Prove that $\pi$ is a quotient map which is neither open nor closed

Question

Exercise: Let $X:=\mathbb{R}^2\smallsetminus((-1,1)\times(-2,2)\cup[2,3]\times[-2,2])\subset\mathbb{R}^2$ be equipped with the subspace topology and consider the map $\pi:X\rightarrow\mathbb{R}$, which is the restriction to $X\subset\mathbb{R}^2$ of the projection to the $x$-axis. Show that $\pi$ is a quotient map which is neither open nor closed.

---

Thoughts: It's straight-forward to see that the map is surjective as it covers all of $\mathbb{R}$ by definition, but I fail to see that it is continuous, and why the map is neither open nor closed. If $X$ were to be equipped with the product topology, then continuity would follow straight from that, but not we are dealing with a projective map with the subspace topology, which stuns me a bit. I also don't really have a clue about not being open nor closed for similar reasons.

Answer 1

1. Continuity is trivial, as you write, because the restriction of a continuous map to a subspace is always continuous.

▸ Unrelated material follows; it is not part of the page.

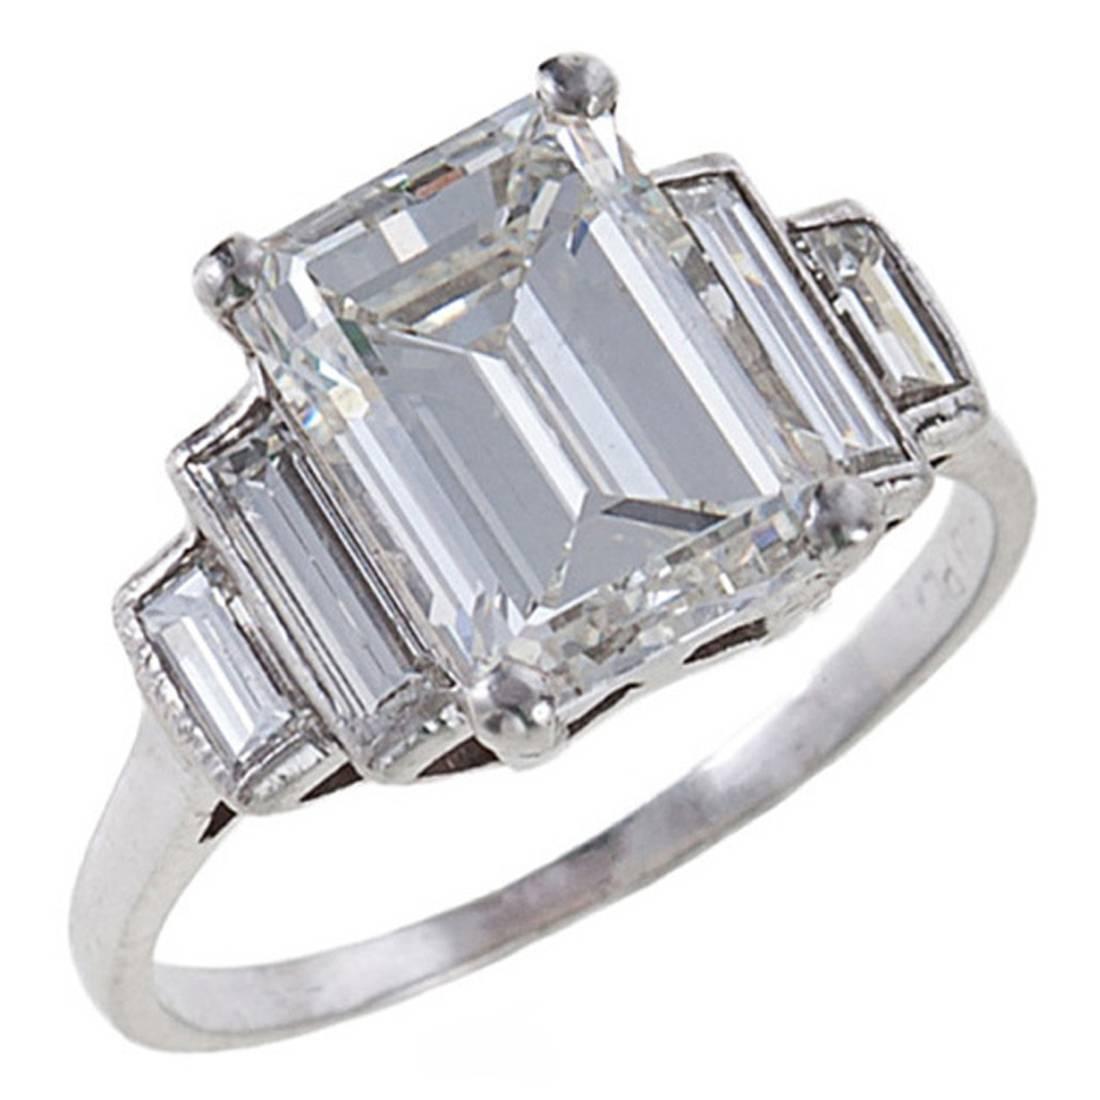 Fine 3 06 Carat Emerald Cut Diamond Platinum Ring at 1stdibs

It does not matter that the map you restrict is a projection, it is still a continuous map. (You can also check this directly, by considering preimages of open intervals on the X axis.)
2. To see that it is not open, consider the projection of (the intersection with $X$ of) a small open ball around a point on the left side of $(-1,1)\times(-2,2)$.
3. To see that it's not closed, consider instead a closed ball around a point on the left side of $[2,3]\times[-2,2]$.
4. To see that it is a quotient map, take the preimage of a subset of the line and notice that if it is open, so is its intersection with e.g. $\mathbf R\times (10,11)\subseteq X$; the restriction of $\pi$ to this set is an open map, which you can use to show that the set you started with had to be open on the line.